Some years ago, there was a guy who got his hands on some prototyping hardware of this sort (PowerPC based, I think I recall) and he set up a paid-subscription website where subscribers could submit compiled code and run it on his hardware. The cost of a subscription was small compared to the price of buying one's own hardware. According to EE Times Asia, Hitachi was doing the same thing in 2002.
Hitachi Semiconductor America Inc. is trying to move remote engineering to the next level by letting customers tinker with microcontroller hardware and software tools via a Web browser.

Working with DevelopOnline, Hitachi has set up several remote development stations for its H8 microcontroller family. For a fee, engineers can access these remote engineering laboratories from a PC at any time.
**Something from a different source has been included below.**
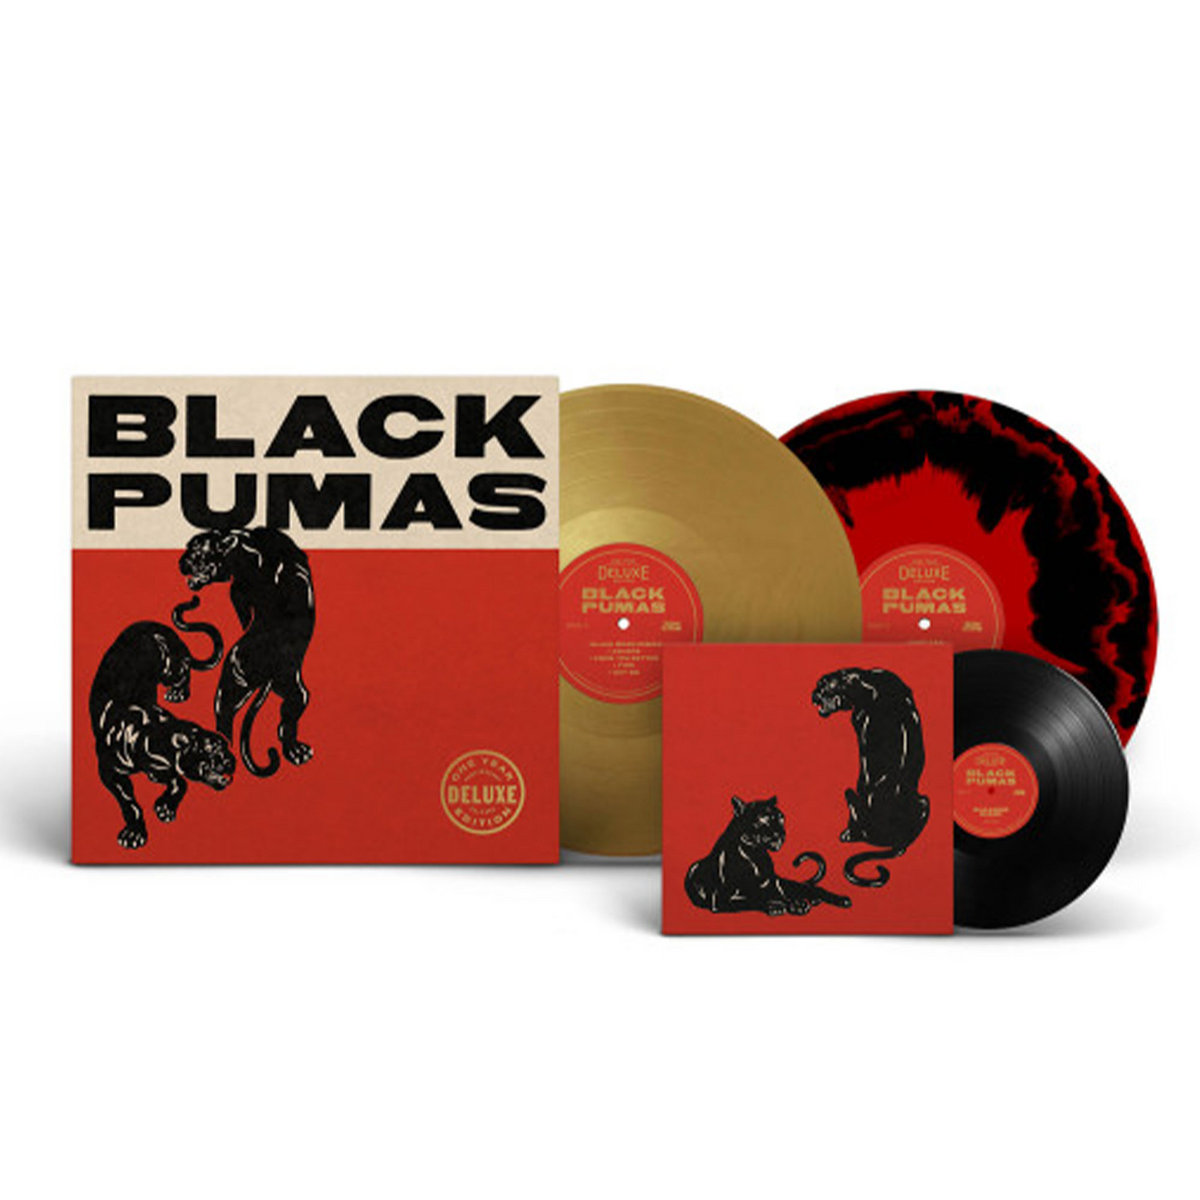 Black Pumas - Black Pumas (Super Deluxe Edition)

Hitachi launched the service with its H8/3664 microcontroller device and plans to expand the program during the next several months to include other members of the H8 line and the company's SuperH devices.
One could make two of these gadgets and connect one to an Apache box to set up a remote development website like this. The second gadget is used to tweak/observe GPIO pins, interact with serial debug, etc. There would need to be some mechanism for allocating time fairly among multiple subscribers. The website would want lots of example code (or pointers to code findable on the web) for people to get started.